A fracturing fluid is a heterogeneous complex mixture with a volume of up to thousand cubic meters. It is a technical product prepared at the drilling place prior to its application. One fracturing fluid is applied for one drilling event. In this study, five fracturing fluids were investigated in detail. These fracturing fluids contain chemicals in a water-bauxite-suspension which are considered as components of a mixture here. They were designed by ExxonMobil Production Deutschland GmbH for application in northwest Germany. The fracturing fluids are called Buchhorst T12, Cappeln Z3a, Damme 3, Bötersen Z11-Biocide and Bötersen Z11-UV. For simplification, only the names, not the numbers are used throughout the manuscript. Their composition was provided by the applicant as far as available, comprising chemical names and CAS registry numbers (CAS RN) of the fluid components as well as their concentrations applied in the fluid. This information is summarized in Annex I available as supplementary material.

Identity of chemical components

Altogether, 84 components (partly identical) were named, but chemical identity was not unambiguous for all of them. In this study, chemical identity was assumed to be unambiguous when the chemical structure was mirrored by the chemical name and the CAS RN. This was the case for 62 of the components. In four cases neither the chemical name nor the CAS RN was mentioned in the chemical data sheet of the producer; thus these components were not included. 12 components provided without CAS RN and ambiguous chemical names or group names such as polysaccharide derivative or ampholytic alkyl amine were excluded from further consideration as well. For six other components without CAS RN, a representative structure was deducible by the chemical name and thus included in the evaluation. For example, different ethoxylated linear alcohols were defined as ethoxylated C9-C11 alcohols with the CAS RN 68439-46-3 in this study. In another case, the amount of a preliminary binary product was not correctly assigned, and thus the concentration was attributed to the more toxic substance and handled as one component. Finally, 68 out of 84 components were considered in the toxicity evaluation of the five investigated fracturing fluids.

Ecotoxicological effect data

Experimental ecotoxicological effect data were retrieved from the ECOTOX database (US EPA 2007) and supplemented by IUCLID information from the ESIS platform (European Union 1995–2012). Additionally, available measured data from the ECOSAR software (US EPA 2011b) was considered in some cases. Substances were identified in the databases by their CAS RN. A basic data set was collected comprising effect concentrations for three aquatic organisms, namely fish, daphnia and algae as well as for both, acute and chronic toxicity for each organism (Annex II, supplementary material). In this work, for fish and daphnia acute toxicity means short-term exposure (up to 4 days for fish and 1–3 days for daphnia, respectively) and chronic toxicity stands for long-term exposure. In contrast, for algae acute toxicity is defined as the effect concentration, which inhibits 50 % of the population growth (EC50), while chronic toxicity refers to the concentration without a significant (NOEC) or with a low effect (LOEC, EC10).

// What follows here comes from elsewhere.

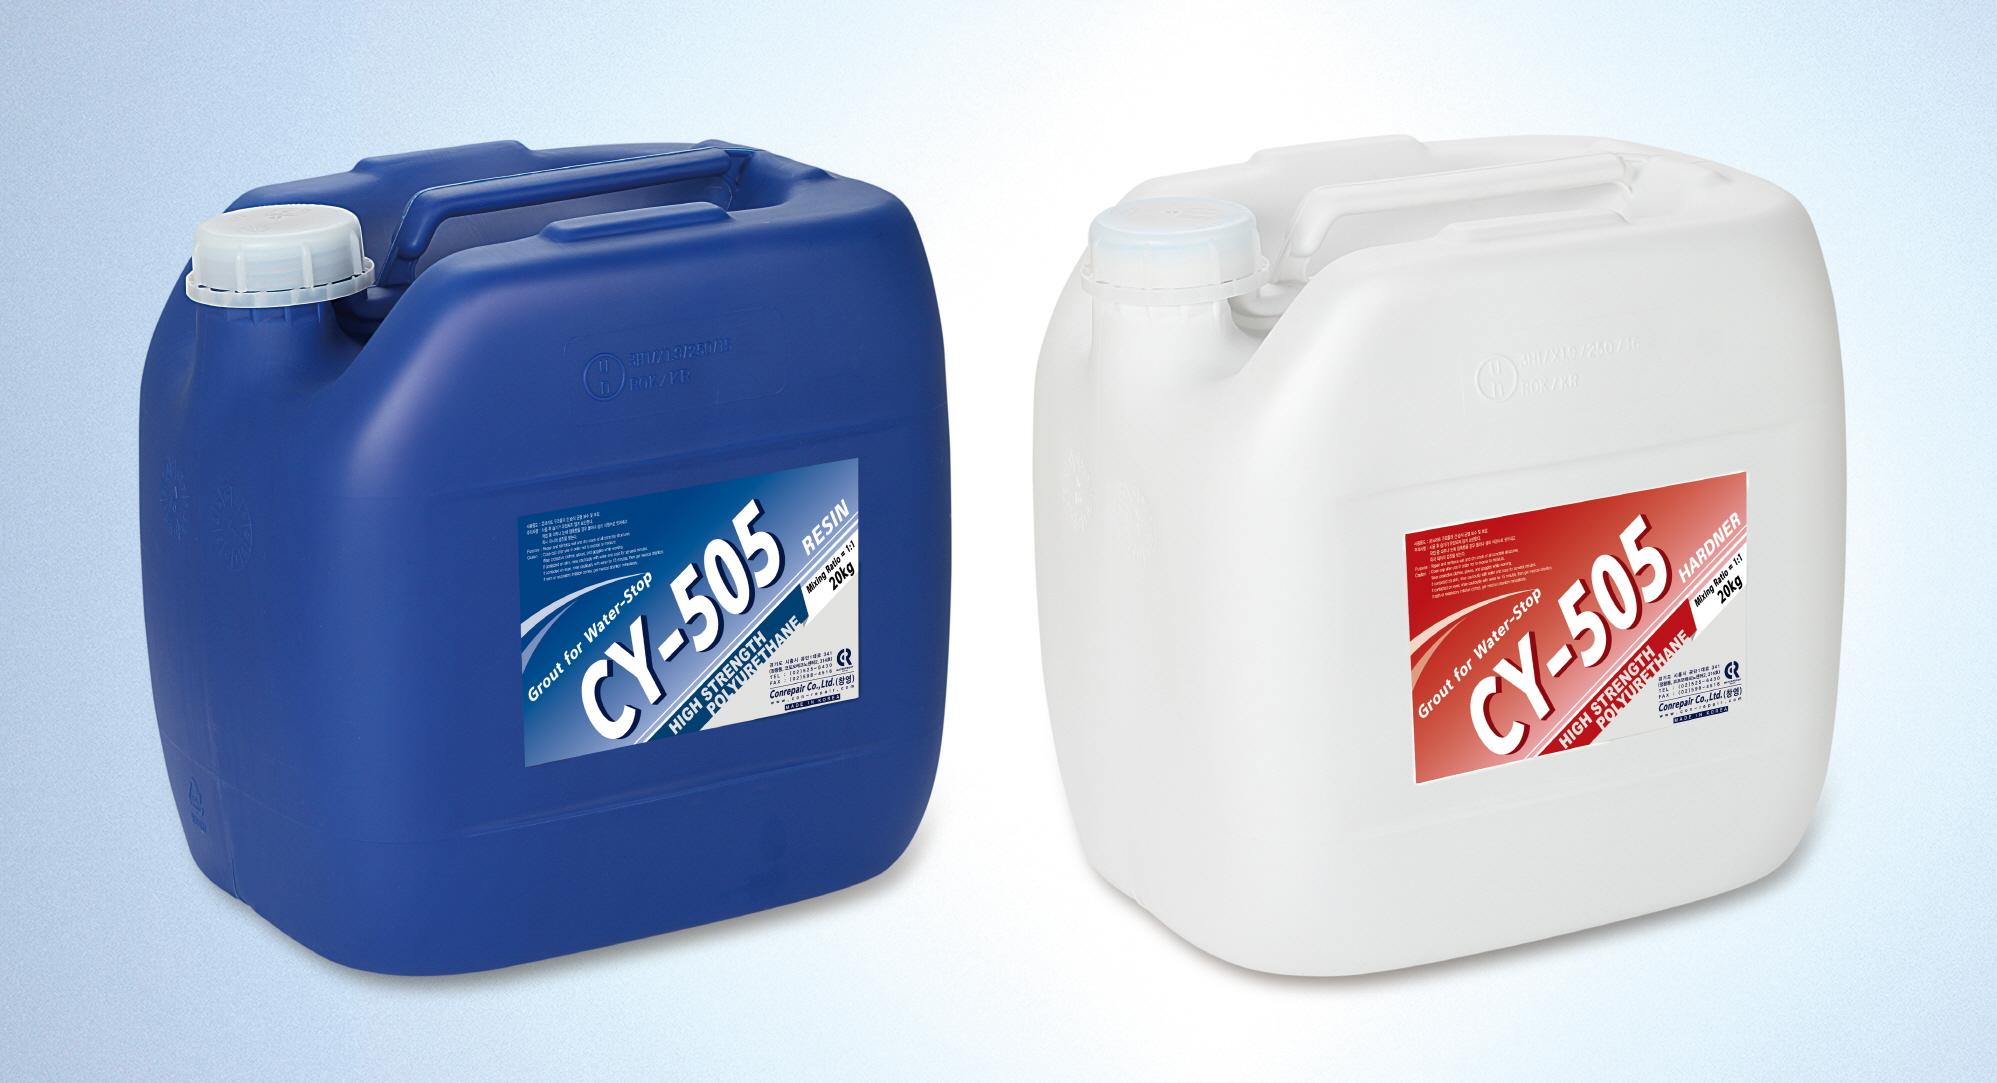 CY-505 high strength polyurethane

Search criteria were set to retrieve data from assays performed in accordance with the OECD guidelines 201–204 and 211 considering (1) species group and/or organism, (2) effect level, (3) endpoint, (4) exposure duration and (5) the unit of concentration. These search criteria were organized in flowcharts (Annex III, supplementary material). They were used to filter the entries of the public databases to derive a basic data set as consistent and comprehensive as possible. The lowest value meeting the defined criteria for each of the six effect parameters was taken as entry in the basic data set. Data, not fulfilling these criteria, were not included in the basic data set. More details are presented in Schmitt-Jansen et al. (2012).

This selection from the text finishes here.